Move over, women’s studies—there’s a new way to think about gender and sexuality.

By Laura Markowitz ’85
Illustrations by Merrick Angle


Alice Paul ’05 (right) celebrates the passage of the 19th Amendment while the goddess Athena looks on. The words are from a 2008 project originated by Urooj Khan ’10 in which students identified themselves as feminists and explained why. Students pictured on the following pages participated in the project.

When Women’s Studies was established as a field of academic inquiry 40 years ago, humans had a relatively simple, binary view of gender: One was either female or male. One’s sex was inextricably linked to one’s reproductive organs. True, hermaphrodites existed as a kind of murky in-between, but that was resolved by assigning them at birth to either the pink team or the blue team.
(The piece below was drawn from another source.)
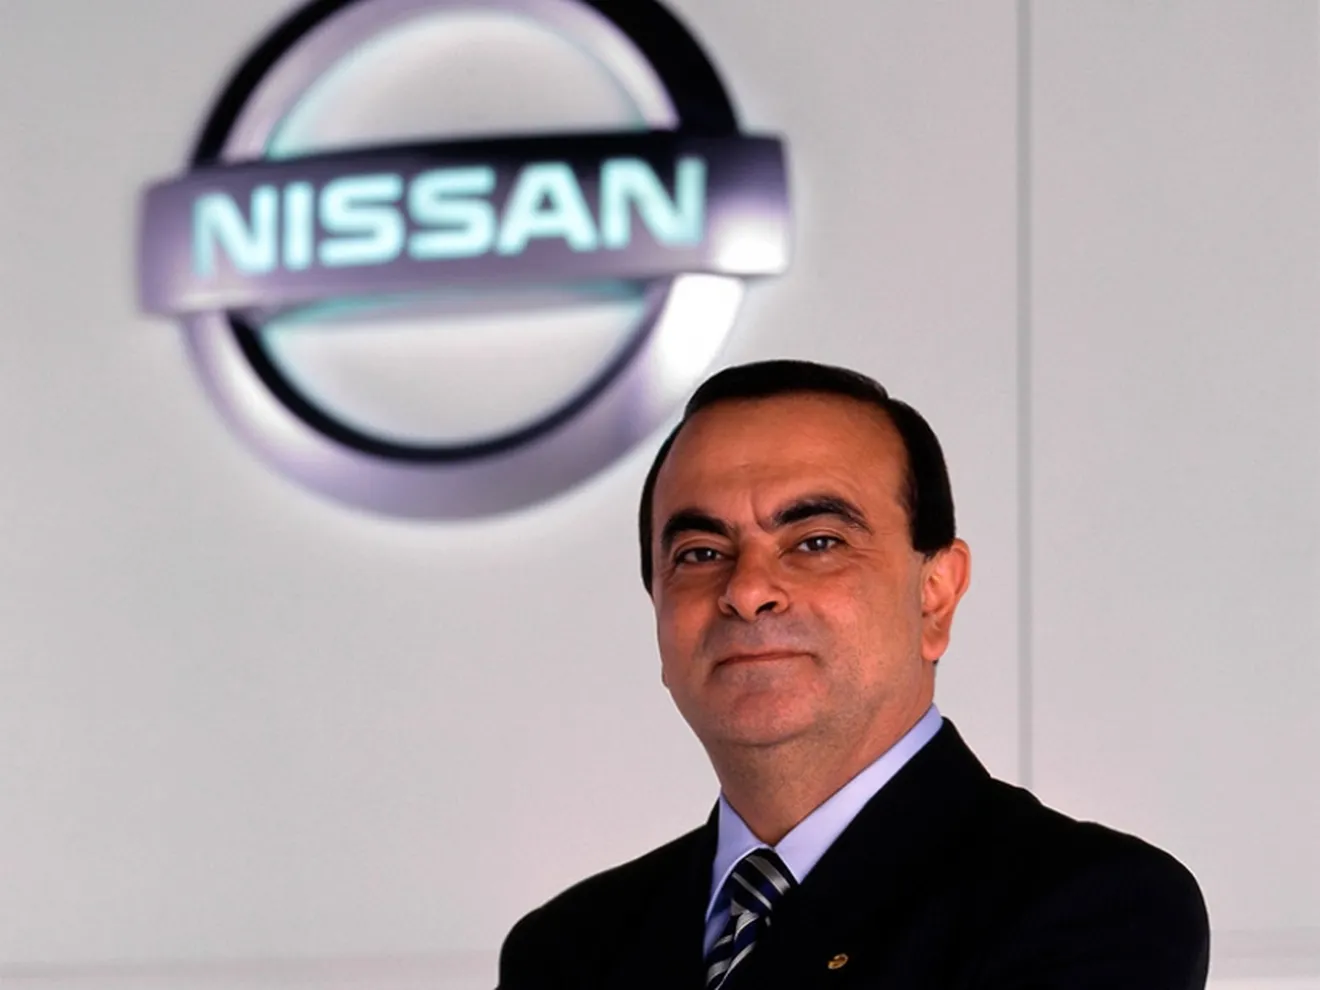 Carlos Ghosn desvela los planes de la tecnología del futuro de Nissan

This essentialist view of gender was challenged in 1990, when feminist philosopher Judith Butler published her groundbreaking book Gender Trouble. She argued that gender is a learned social behavior that we each perform.
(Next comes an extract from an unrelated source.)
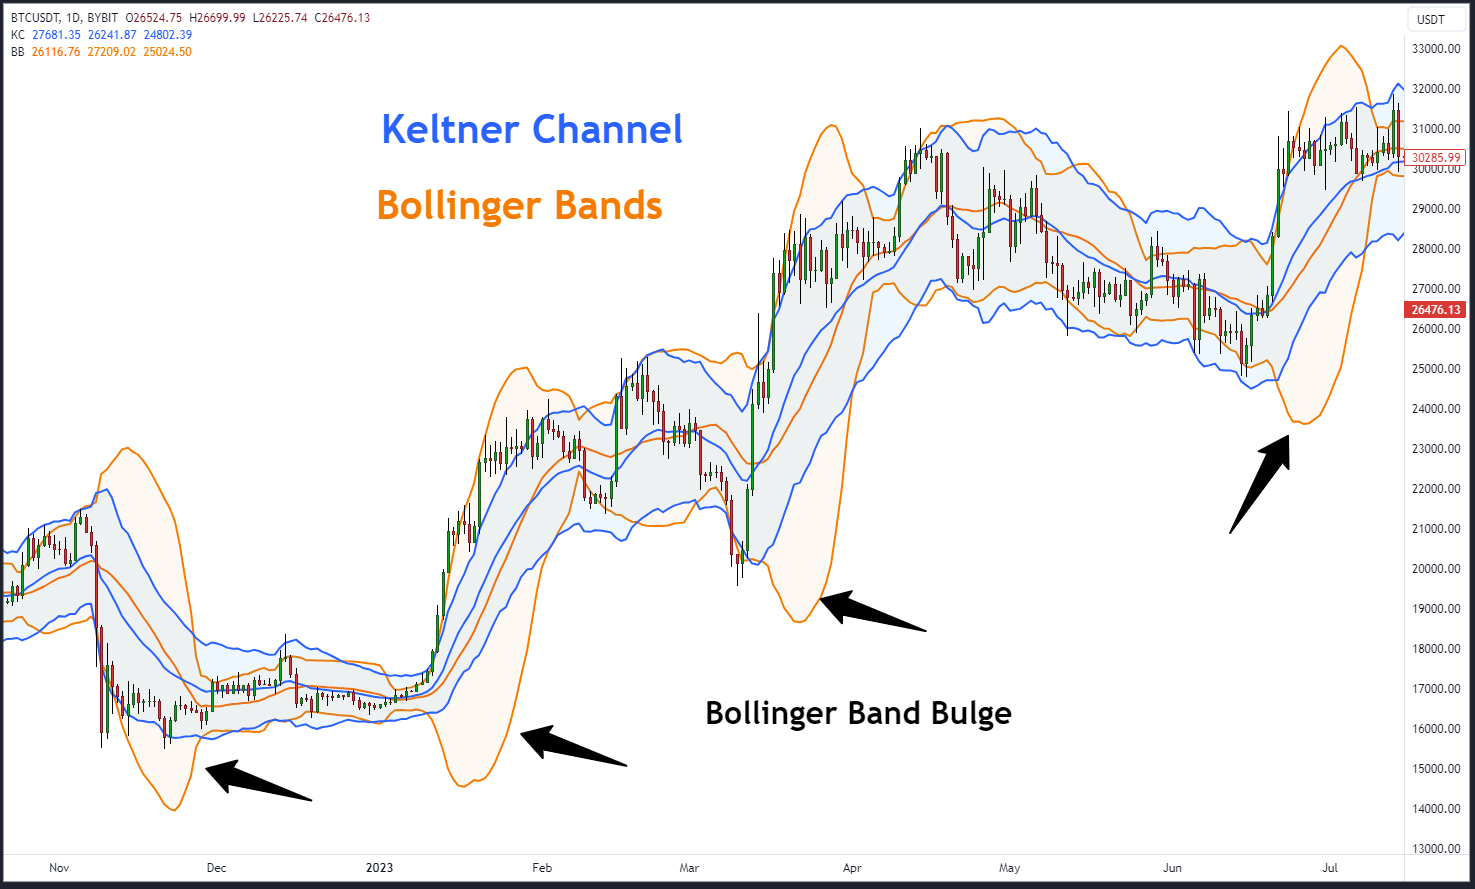 Keltner channel vs. bollinger bands

Swarthmore students today cite Butler regularly when they talk about gender as “a fluid state of identity.” It seems almost obvious to this generation that femininity and masculinity are nothing more than social constructs that we act out—and that there are many more than two gender choices. The dismantling of the long-held binary view about gender was offered as a reason by professors and students as to why Swarthmore’s 23-year-old Women’s Studies Program should officially change its name in spring 2008 to Gender and Sexuality Studies (GSS).

The name change was no easy matter. It entailed a laborious two-year bureaucratic process by the Women’s Studies Program’s steering committee, which solicited input from every possible stakeholder—alumni, students, administrators, and even Tri-college partners Bryn Mawr and Haverford.
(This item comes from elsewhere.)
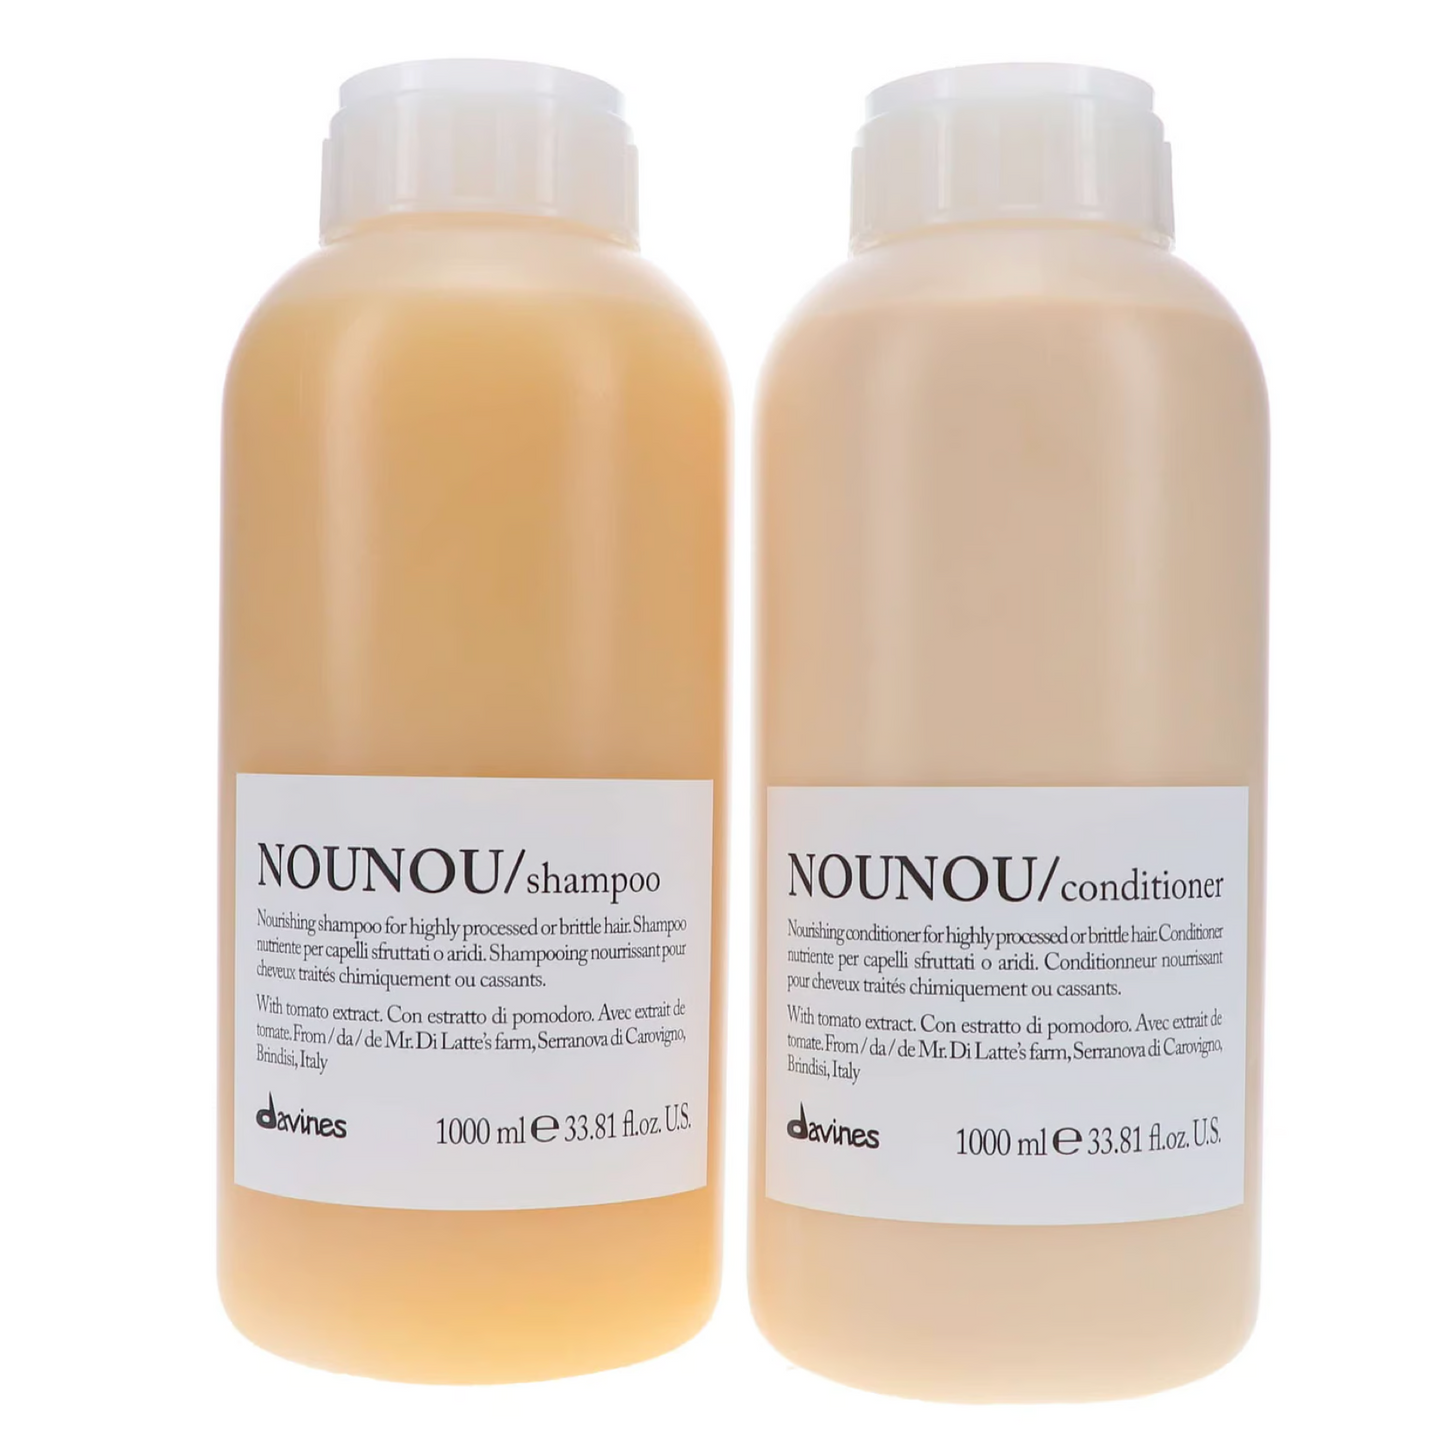 Davines Nounou Shampoo and Conditioner 1000ml

The massive effort was led by then-program coordinator Sunka Simon, associate professor of German and film and media studies, and current program coordinator Bakirathi Mani, associate professor of English literature. They and others analyzed syllabi, held open discussions, and even hosted a symposium on the topic. Finally, in February 2008, they presented their report to the College’s curriculum committee, which reviewed the material, grilled the steering committee for an hour, and approved the name change for presentation to the full faculty for a vote.

“I put on my Viking helmet and was ready to do battle,” Simon jokes, “but no one spoke against it. The vote passed.”

Women’s Studies was no more; Gender and Sexuality Studies was born.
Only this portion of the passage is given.